[What you will do]
Among the lines of the listing below, retype exactly those from the one containing "Building with many" through the one containing "Vintage Oushak Pillow", both included. Do not include pictures.

[Dataset section]
☆ ☆ ☆ ☆
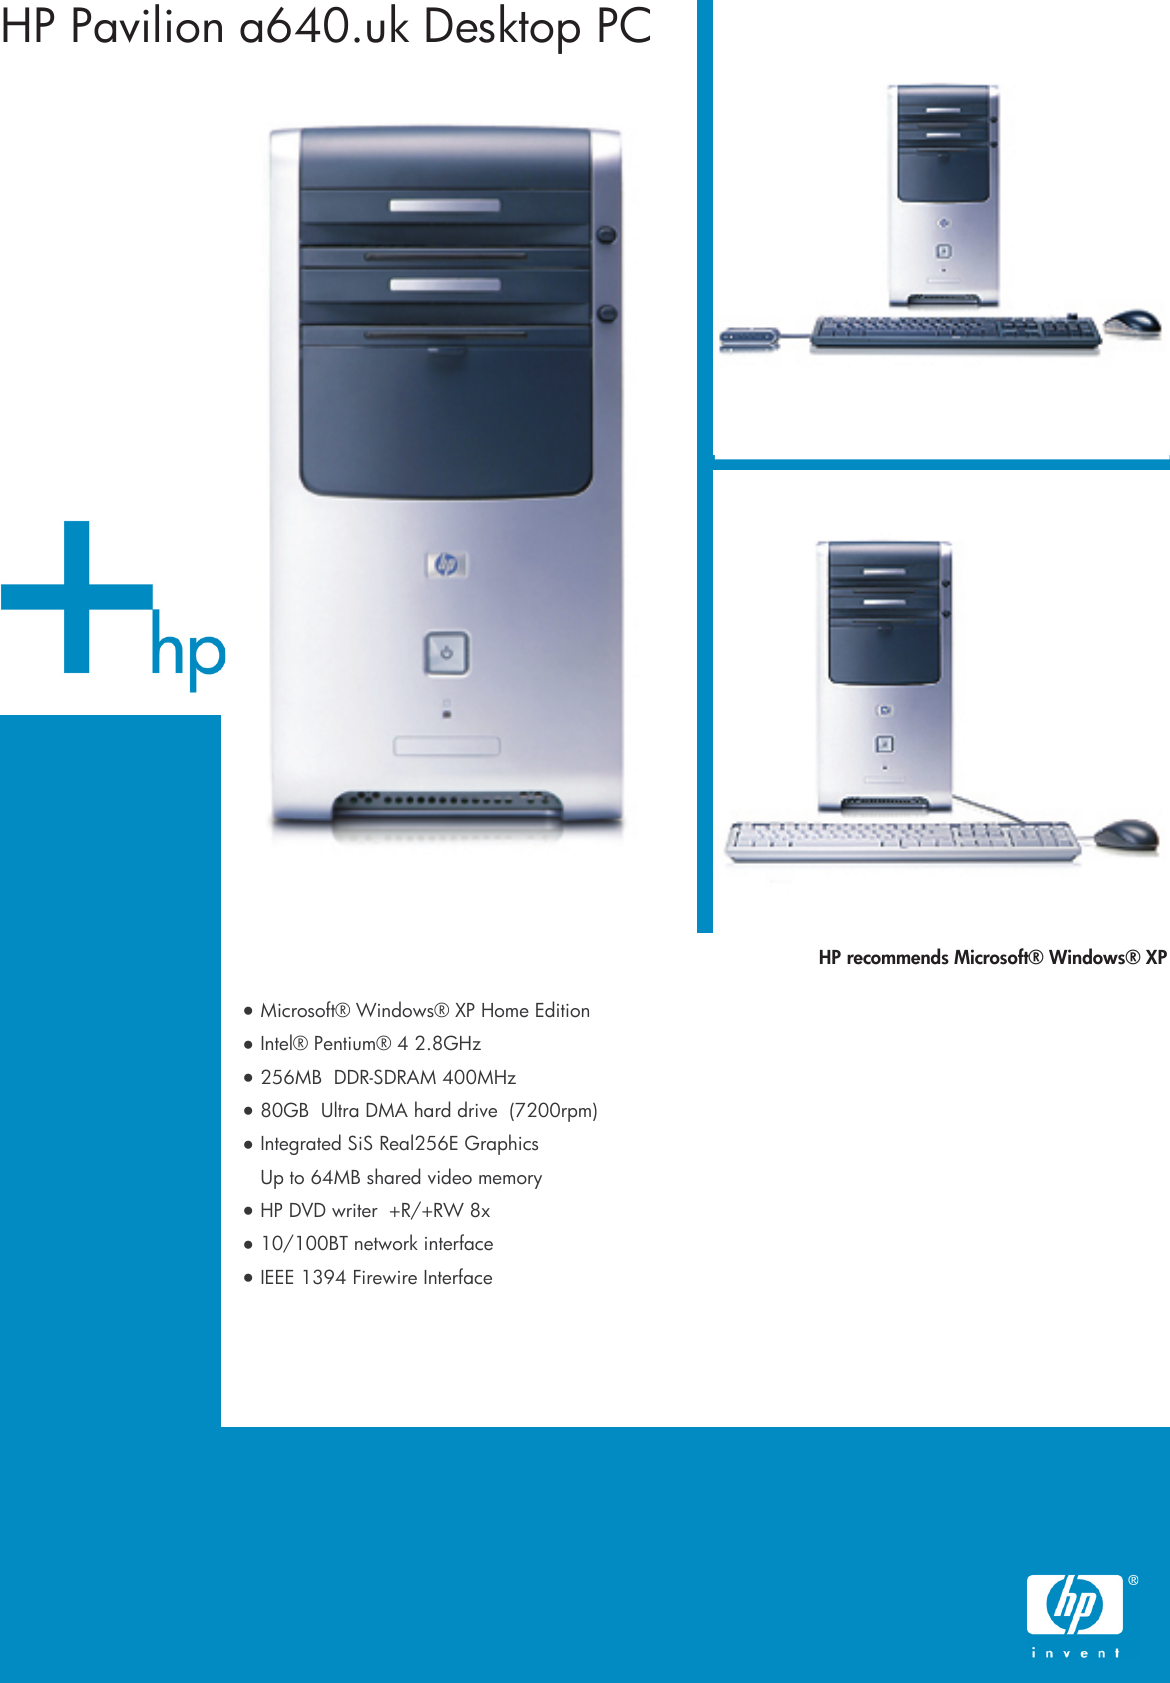 Page 1 of 2 - HP Summer Desktop Datasheet Pavilion PC - A640.uk Product Specifications C00242935
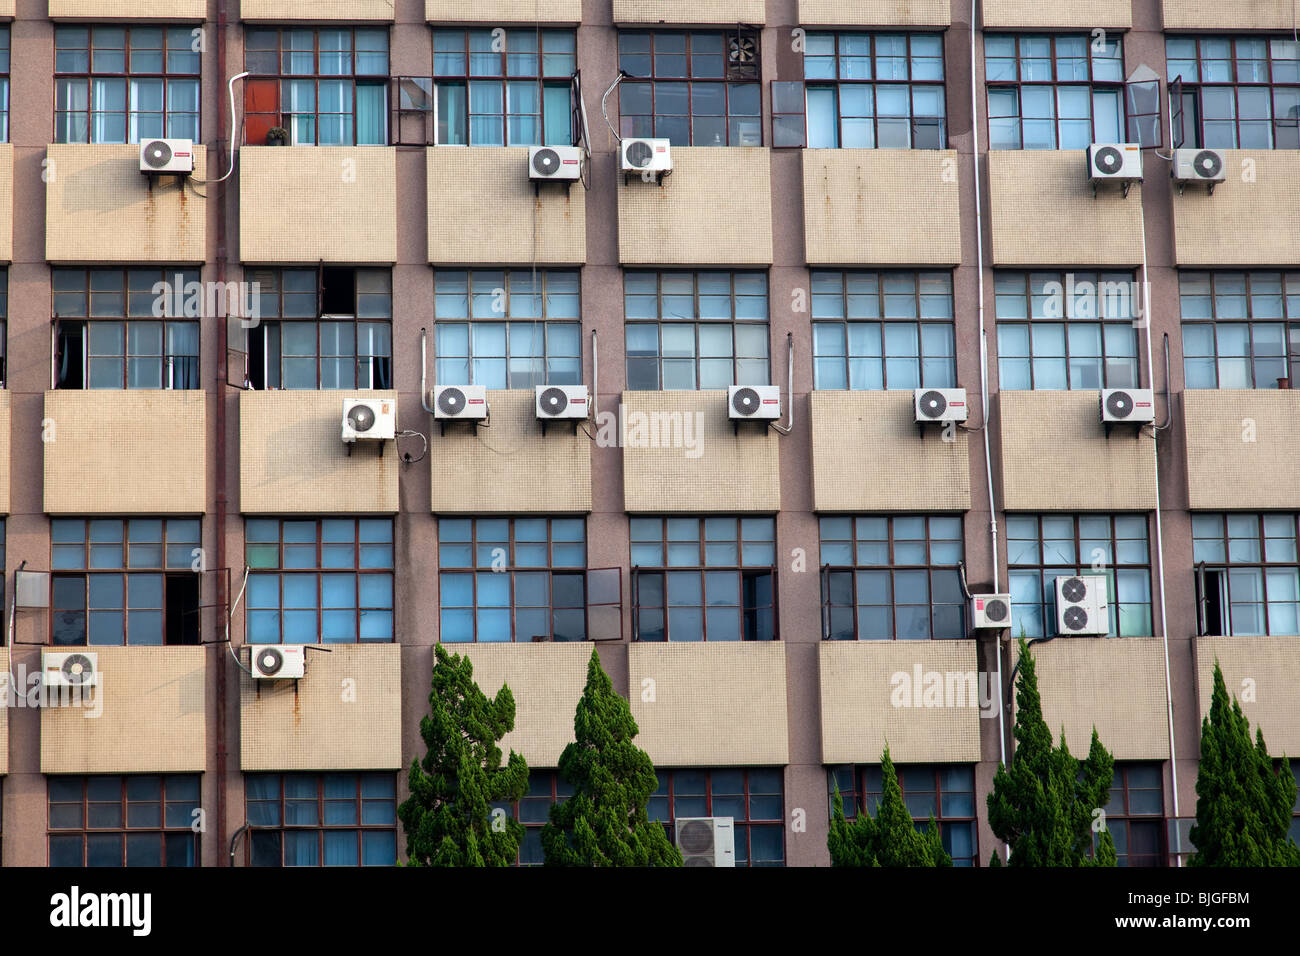 Building with many air conditioning units on campus of Fudan University, Shanghai, China Stock Photo
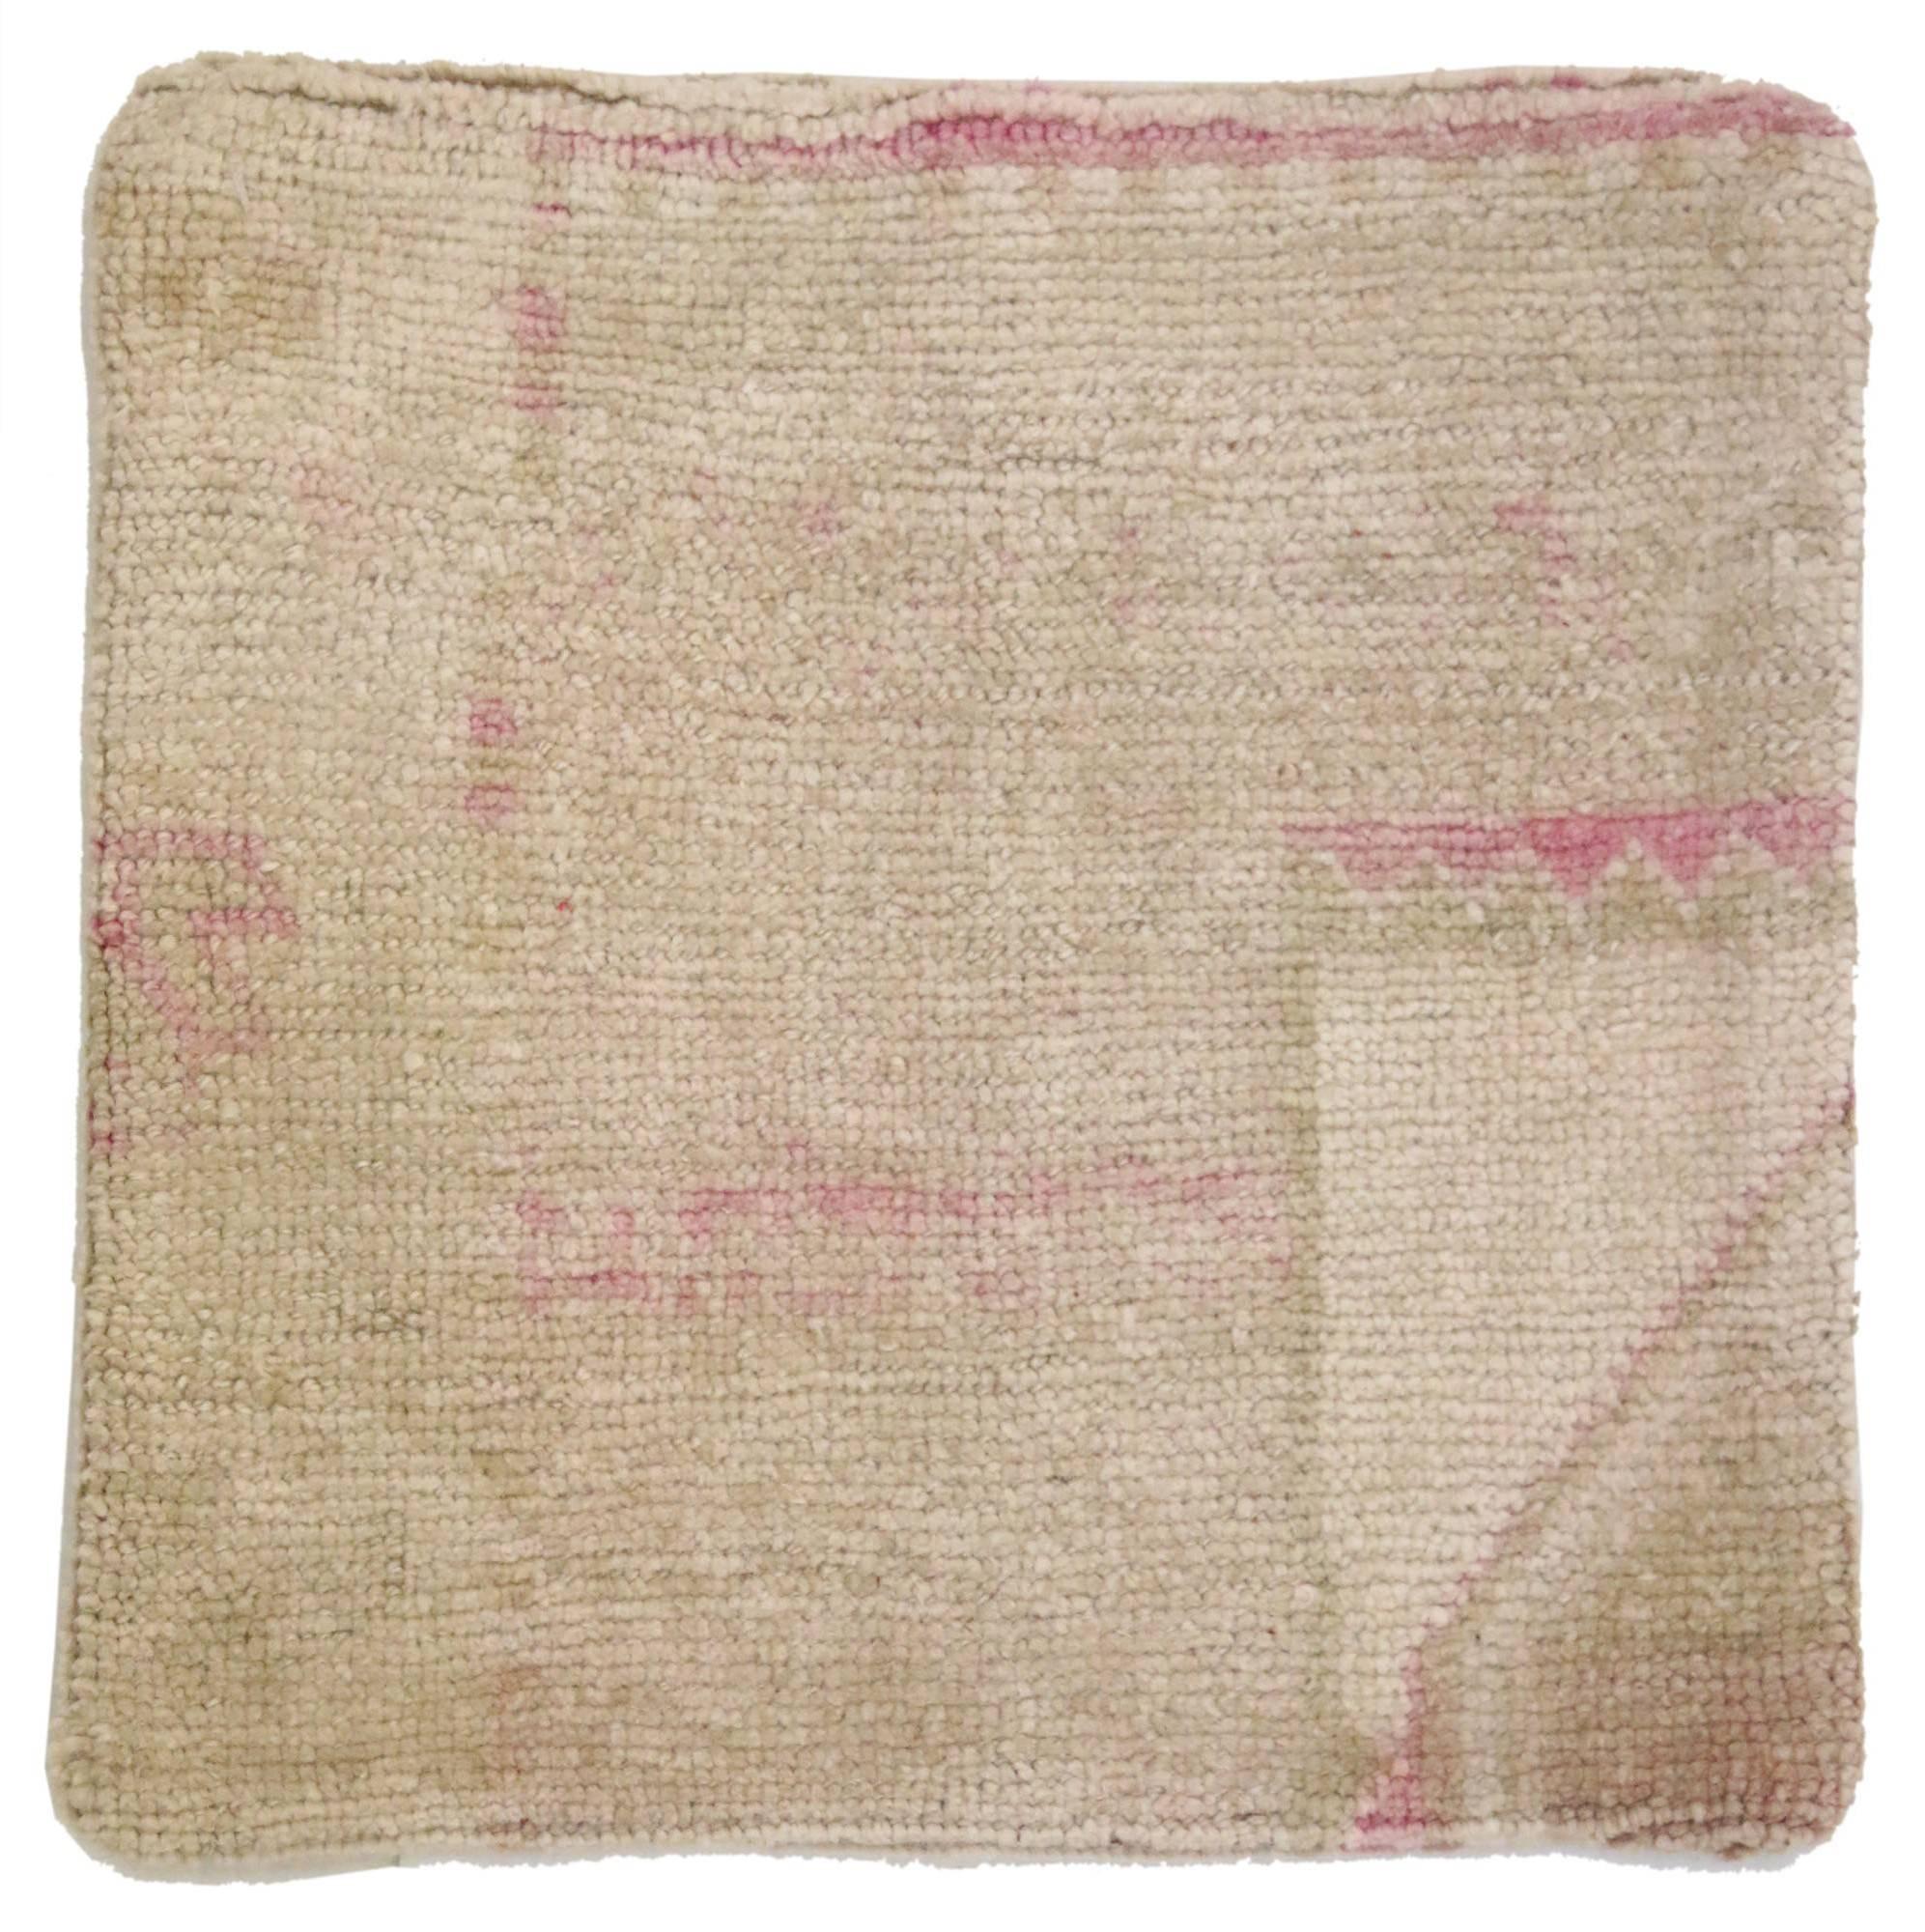 Vintage Oushak Pillow Cover with Soft Muted Colors, Oushak Rug Pillow Cover
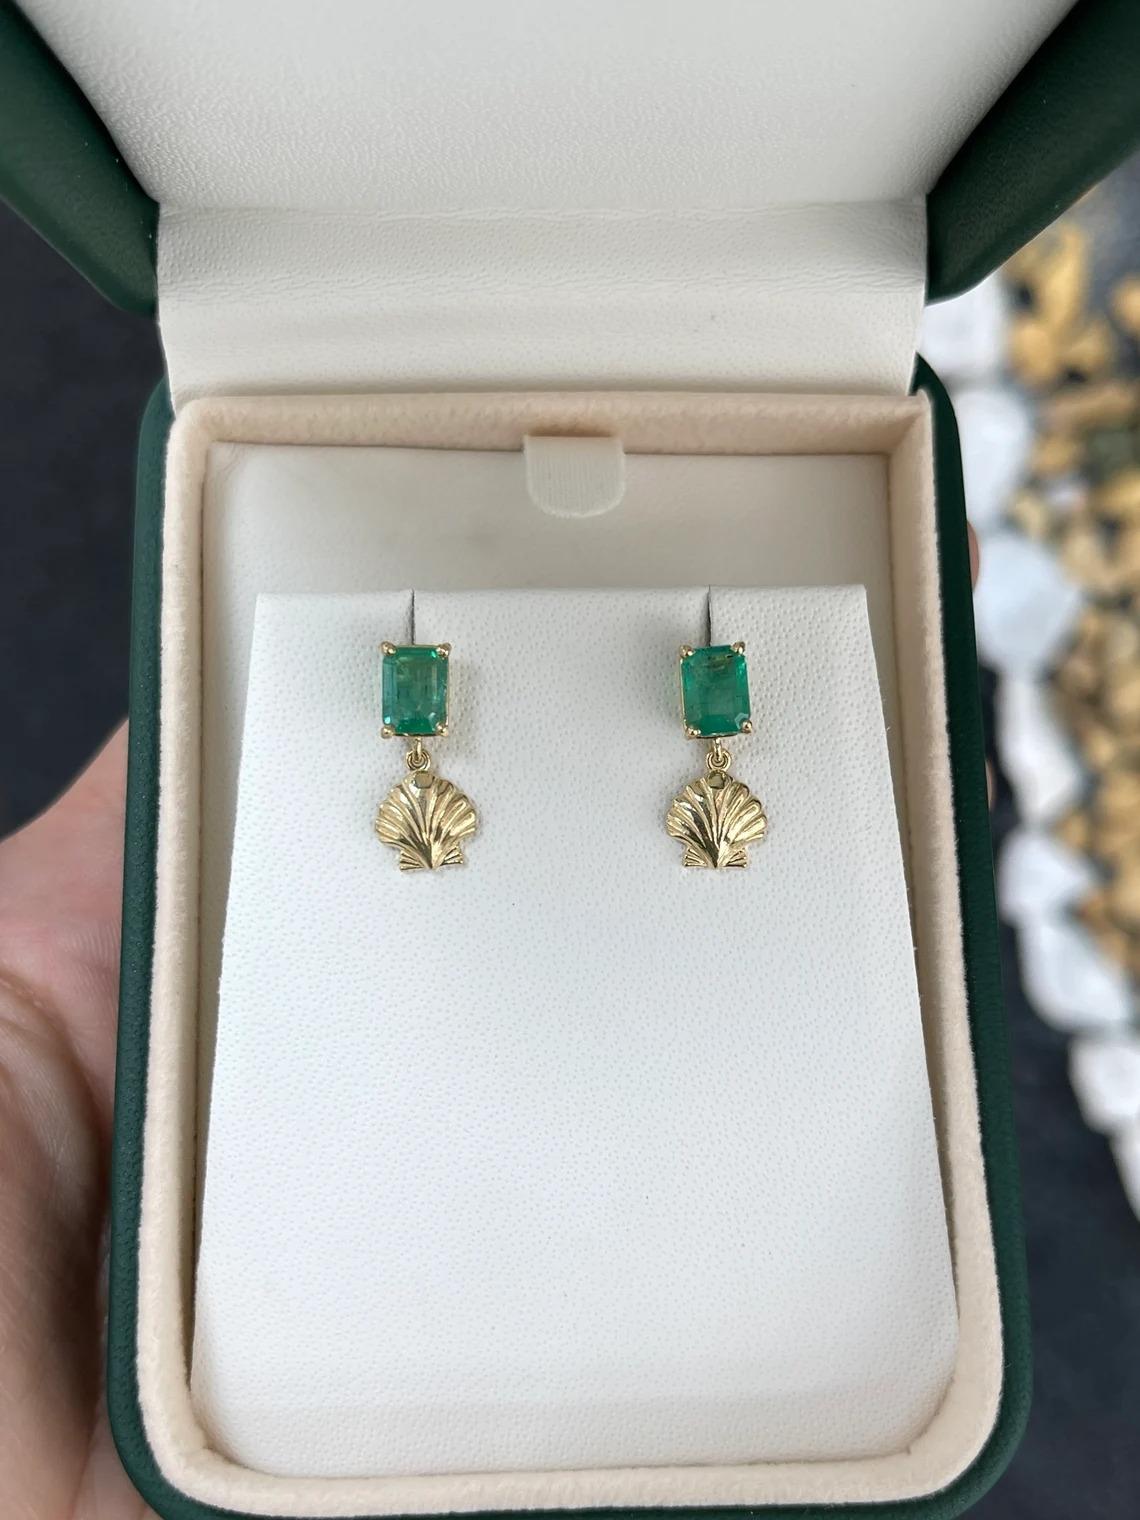 These stunning emerald stud earrings feature natural emeralds with lush green color and beautiful characteristics. The emeralds are expertly cut in an emerald cut style and securely set in a four-prong basket setting, showcasing their brilliance.
☆ ☆ ☆ ☆
[Answer to this problem]
 Building with many air conditioning units on campus of Fudan University, Shanghai, China Stock Photo
 Vintage Oushak Pillow Cover with Soft Muted Colors, Oushak Rug Pillow Cover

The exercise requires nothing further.